The global economy has been in slump mode for so long now that it’s hard to imagine there ever was a time when unemployment was low, optimism ran high, mortgages were current and public coffers were full.
Oddly, however, while most every nation continues to struggle, the discussion among the great and powerful seems to consist only of deciding how much public spending to cut.
There’s no doubt, of course, that if you’re on a foundering ship, the first things you do are patch the leaks and bail. But patching and bailing do little to make the ship any less vulnerable to future calamities; at best they preserve – for a time – an unsatisfactory status quo. The inconvenient truth is that current policies presumably aimed at lifting nations out of recession are in fact doing more harm than good.
So why, given the incontrovertible evidence that these efforts continue to fail, the inexplicable adherence to such policies?
Perhaps there is a secret document circulating among the power elite entitled “How to Ruin an Economy.” Perhaps, for reasons yet to be revealed there exists a desire on the part of some to protract the process of recovery and prolong this period of economic malaise.
Where is Oliver Stone when you need him?
Personally, I doubt there is anything resembling a tract on ruining economies to which leaders have subscribed, but if one existed, it would surely contain the following, familiar guidance that got us into this mess and is now ensuring we won’t get out:
Step 1: Place unlimited faith in the unfettered free market. While free markets have led to extraordinary wealth creation and some of the highest standards of living, there’s little doubt that unfettered and unsupervised markets also lead to dangerous social distortions and completely preventable fraud and consequent losses that can bring down entire economies. One sure way to position an economy for future disaster is to assume that markets, and only markets, can police themselves. Thus, to ensure future volatility and create dangerous instability, weaken those irksome regulatory protections that hinder investment and “job creation.”

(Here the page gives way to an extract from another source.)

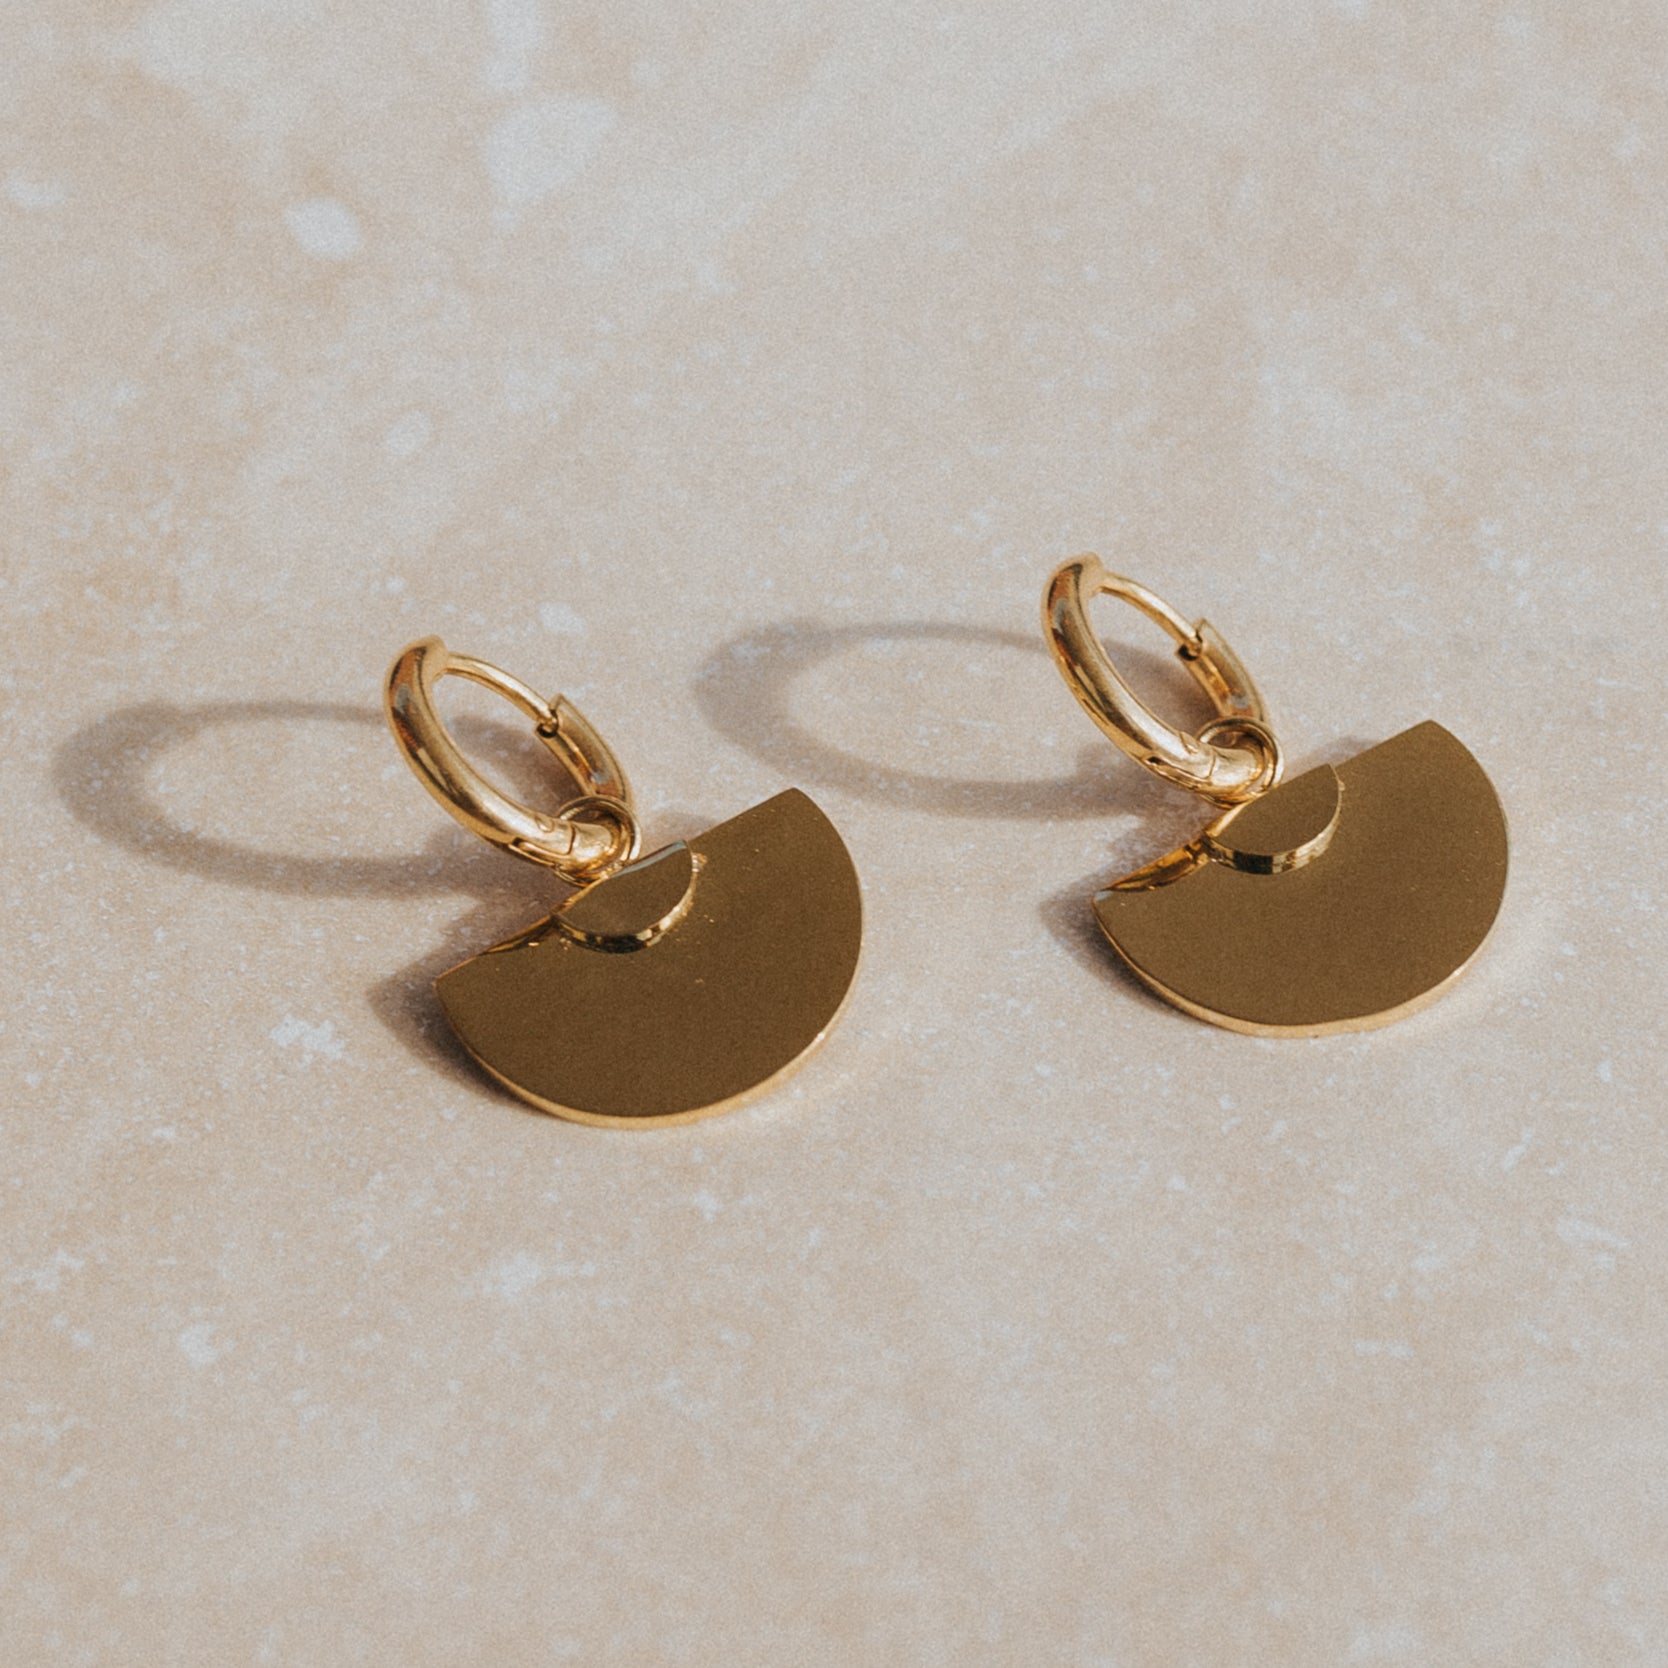 surf jewellery gold waterproof earrings
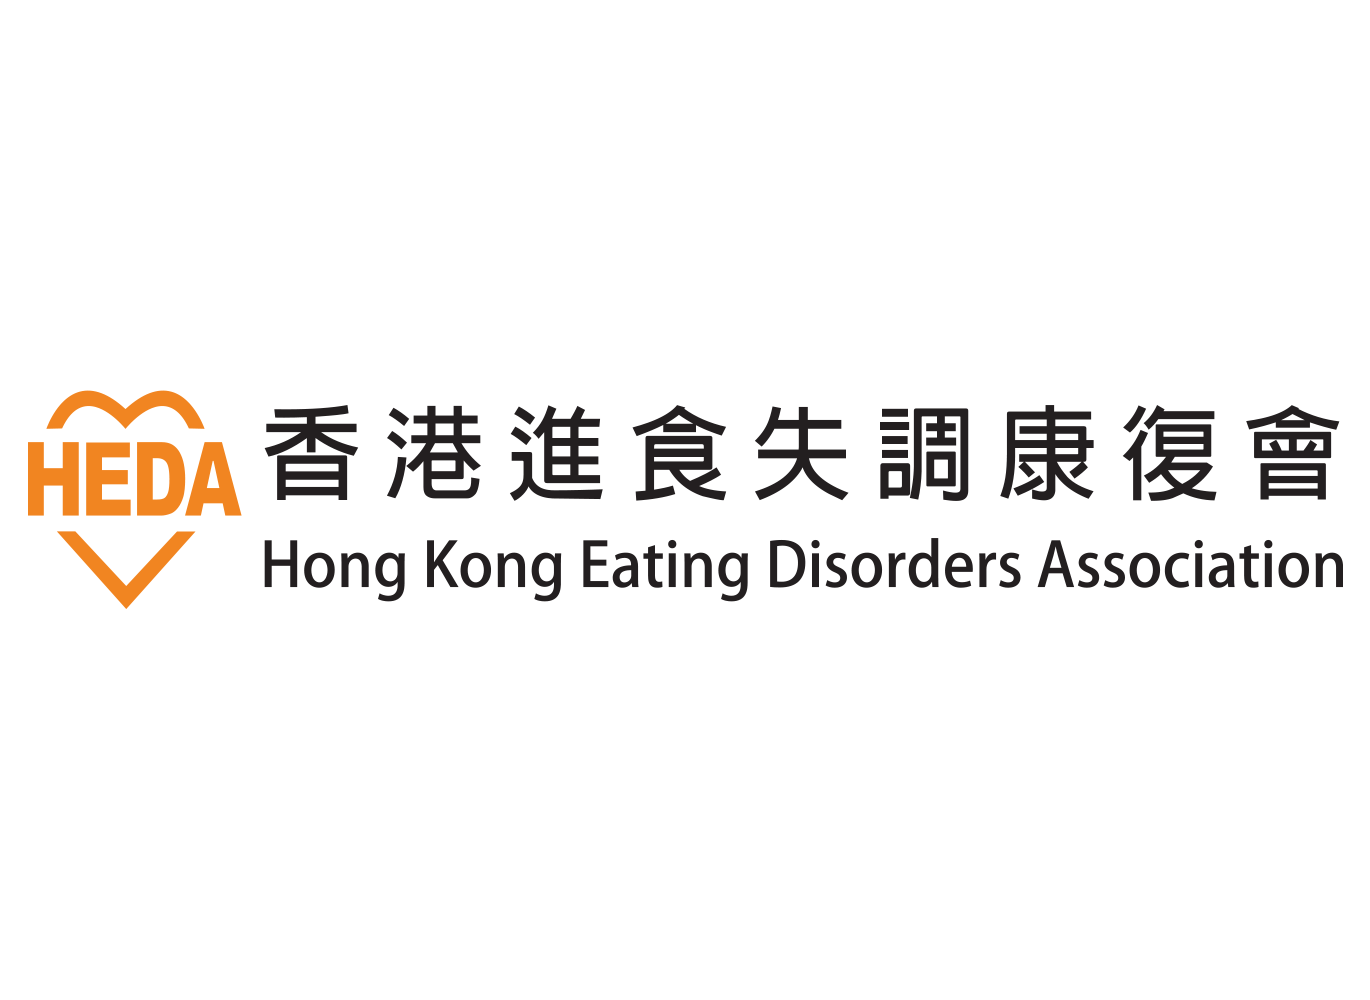 Hong Kong Eating Disorders Association

Step 2: Confuse austerity with prudence. If rational and unbiased reflection confirms that government is spending too much and deriving too little, it’s appropriate to ratchet back. But radical reductions in spending often take so much money out of the economy that growth becomes impossible. What’s more, when spending on infrastructure, for example, is cut, not only is money taken out of the economy, but the value of the infrastructure, i.e., the efficiencies gained by better bridges and roads, is lost. Therefore, to ensure continued economic sluggishness, Cut, cut and cut some more. Surely the private sector will inevitably – and wisely – invest risk capital in public assets if they are truly valuable.
Step 3: Confuse investment with profligacy. In the quest to eliminate waste, budget hawks frequently decry public spending as profligate. But appropriate public spending delivers lasting value and lays the foundation for future economic growth. Public investment built the interstate system, maintains roads and bridges, keeps the streets safe, and funds the research that cures disease and improves lives. Not all public spending is wasteful, but if you’re determined to slow an economy, just assume that it’s all inherently suspect and make “no” your default position: No to teachers, no to energy efficiency, no to basic and applied research. No to growth. That’s the ticket.
Step 4: Protect yourself from unwanted competition. It’s tempting to allow concerns for local business and local employment to drive you towards protectionist policies. Keeping out the competition will ensure that everyone buys local, right? Maybe, but keeping out the competition inevitably results in your businesses being kept out of someone else’s market, and when businesses are denied markets, they are denied growth opportunities. Putting up protectionist walls will help, if at all, for a very short time. The good news, of course, is that you can achieve the goal of stifling growth – and simultaneously enjoy the populist benefit of “protecting” the home market – by imposing tariffs, limiting foreign investment and inculcating an attitude of defeatism.
Step 5: Refuse to compromise, for flexibility is weakness. The global economy is struggling to escape the mire, but already we can see what works and what doesn’t. Strict and ruthless austerity has failed to bring the Irish economy back, and Great Britain’s economy has actually been shrinking. Stimulus measures in the United States and Canada, however, are widely credited with helping these economies avoid Armageddon. No country that has instituted radical austerity has emerged from the crisis; only those countries in which policies have loosened credit and in which spending has stimulated growth have shown signs of life. Thus, in order to preserve the status quo, refuse to pursue growth policies. Dig in your heels. Compromise is failure, and flexibility is weakness. Stay the course.
Time will tell whether continued economic torpor will eventually move leaders to discard the principles contained in this “treatise.” For all of our sakes, however, let’s hope they do so sooner rather than later.
Perry B. Newman is a South Portland resident and president of Atlantica Group, an international business consulting firm based in Portland, with clients in North America, Israel and Europe. He is also chairman of the Maine District Export Council. His website is perrybnewman.com.